Segment Start: Dataset content

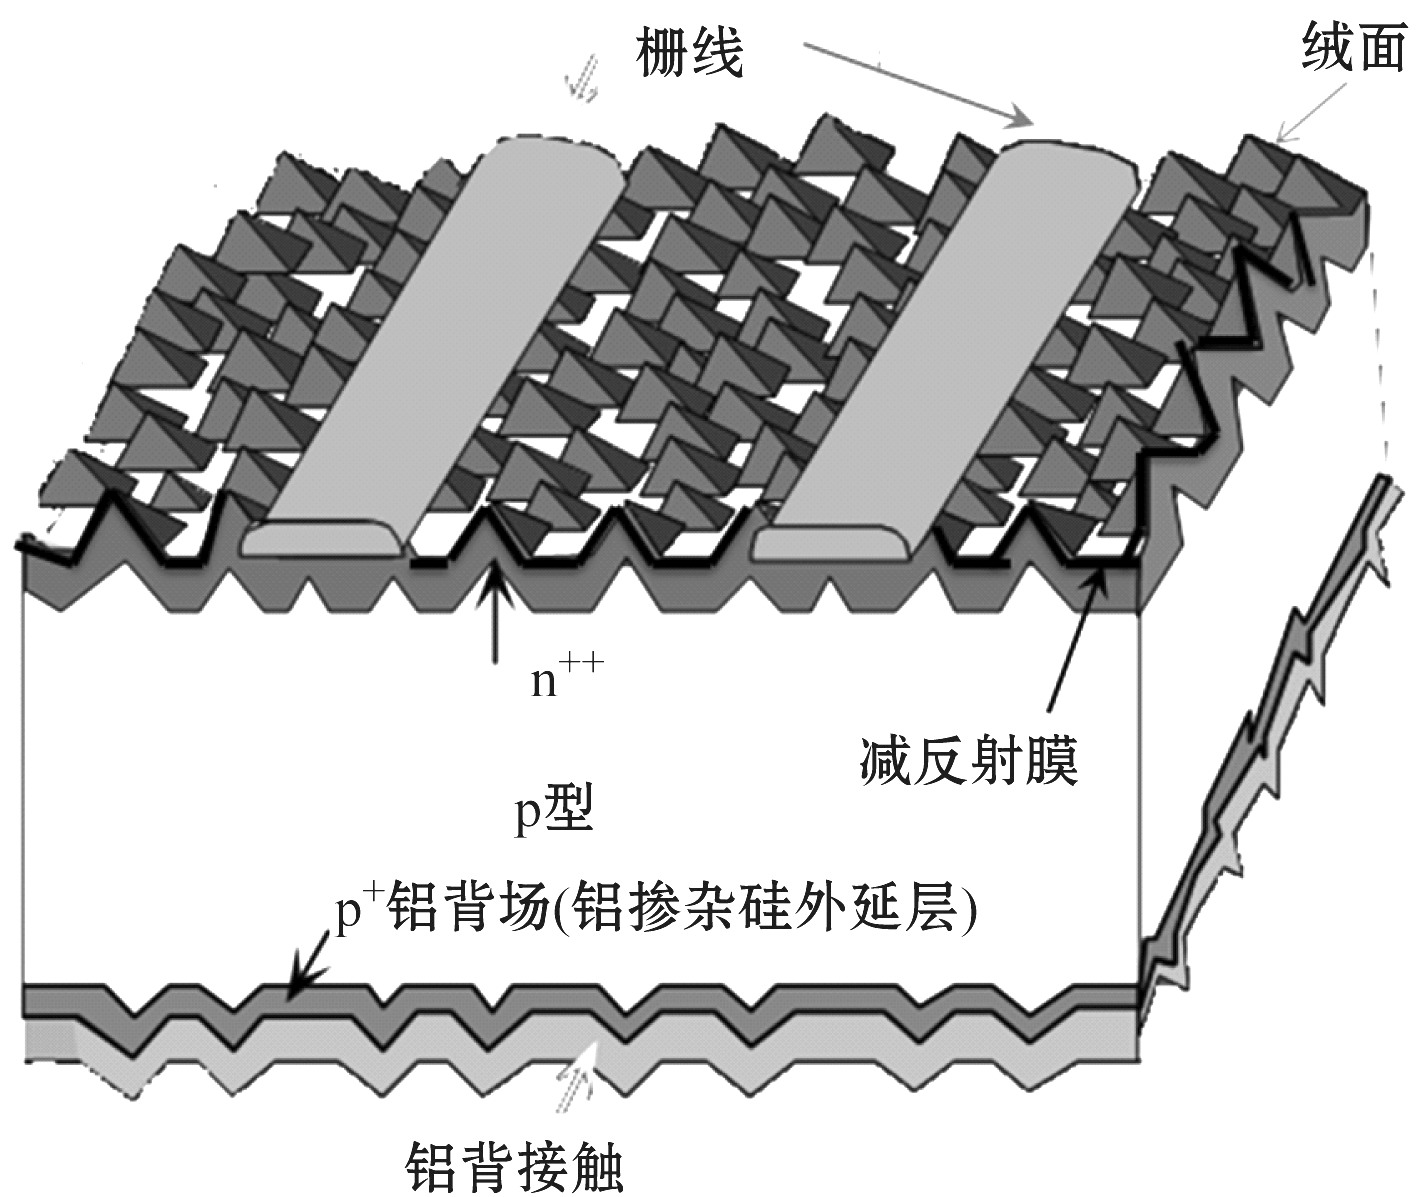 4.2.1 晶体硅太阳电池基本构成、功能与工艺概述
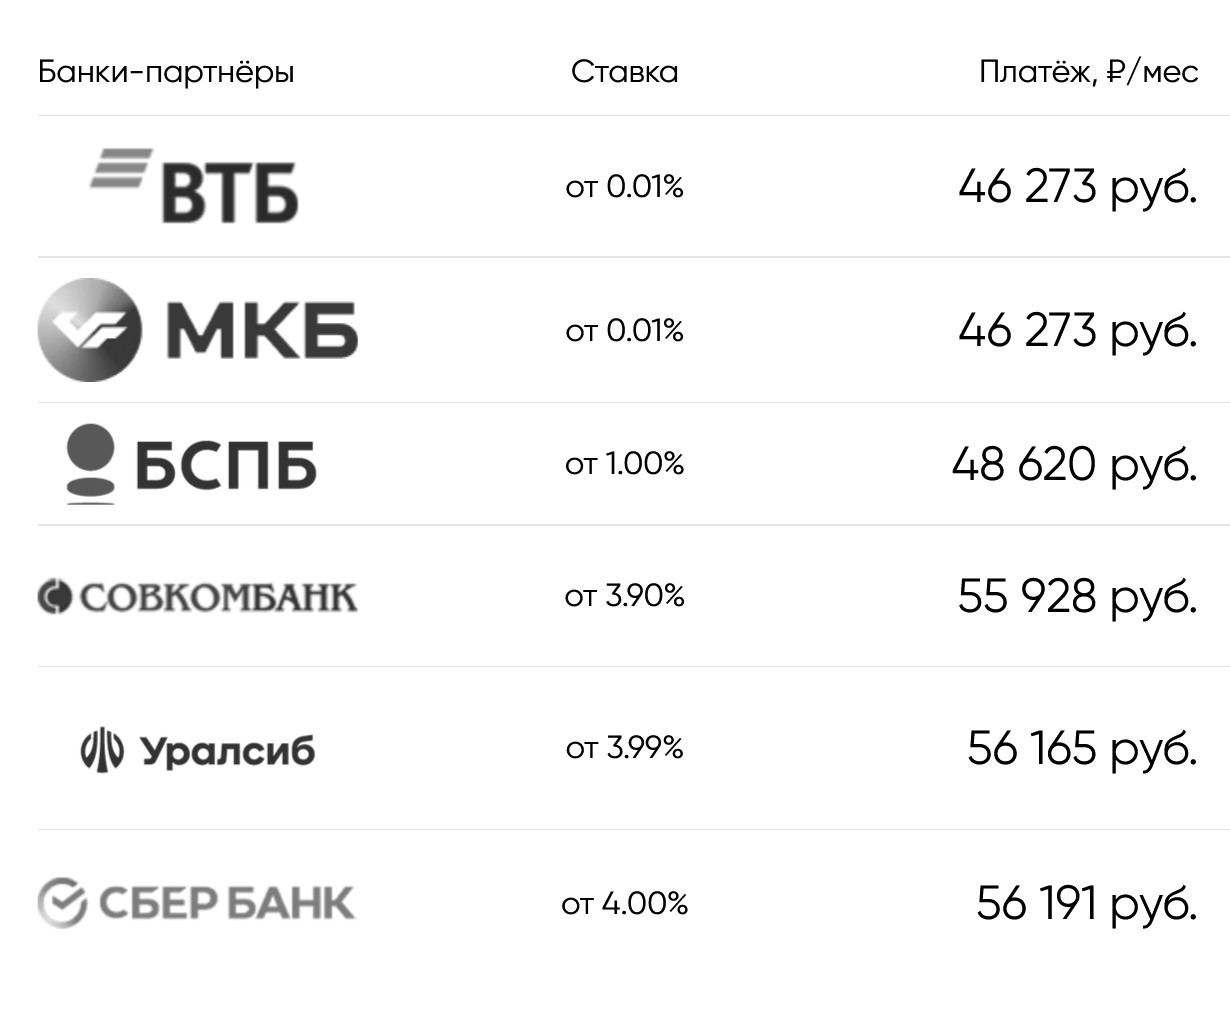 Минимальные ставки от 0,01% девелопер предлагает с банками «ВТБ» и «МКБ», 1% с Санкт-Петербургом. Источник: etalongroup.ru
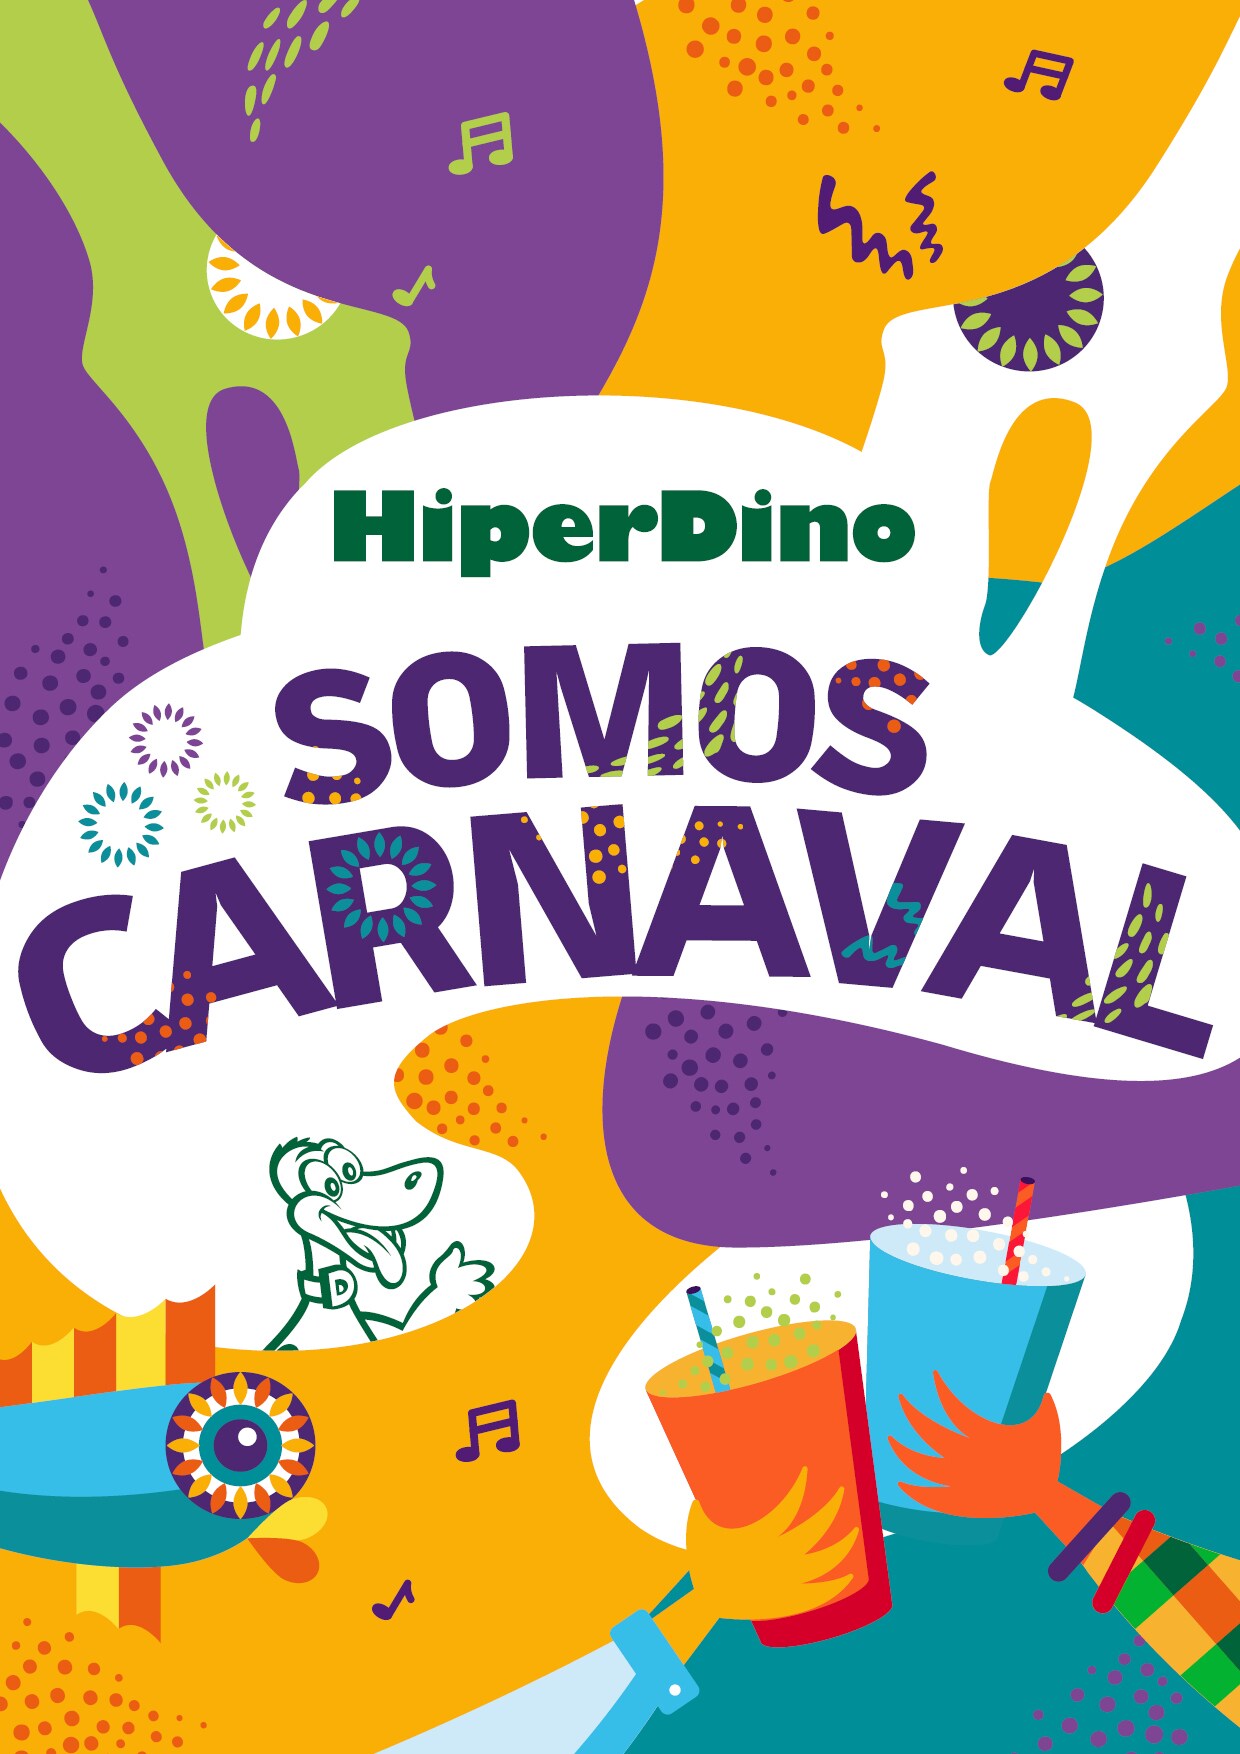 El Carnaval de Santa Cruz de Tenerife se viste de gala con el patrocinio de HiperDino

Segment End: Dataset content

• What is expected
Repeat each line of the material exactly, and drop any image it carries.

• Answer box
 4.2.1 晶体硅太阳电池基本构成、功能与工艺概述
 Минимальные ставки от 0,01% девелопер предлагает с банками «ВТБ» и «МКБ», 1% с Санкт-Петербургом. Источник: etalongroup.ru
 El Carnaval de Santa Cruz de Tenerife se viste de gala con el patrocinio de HiperDino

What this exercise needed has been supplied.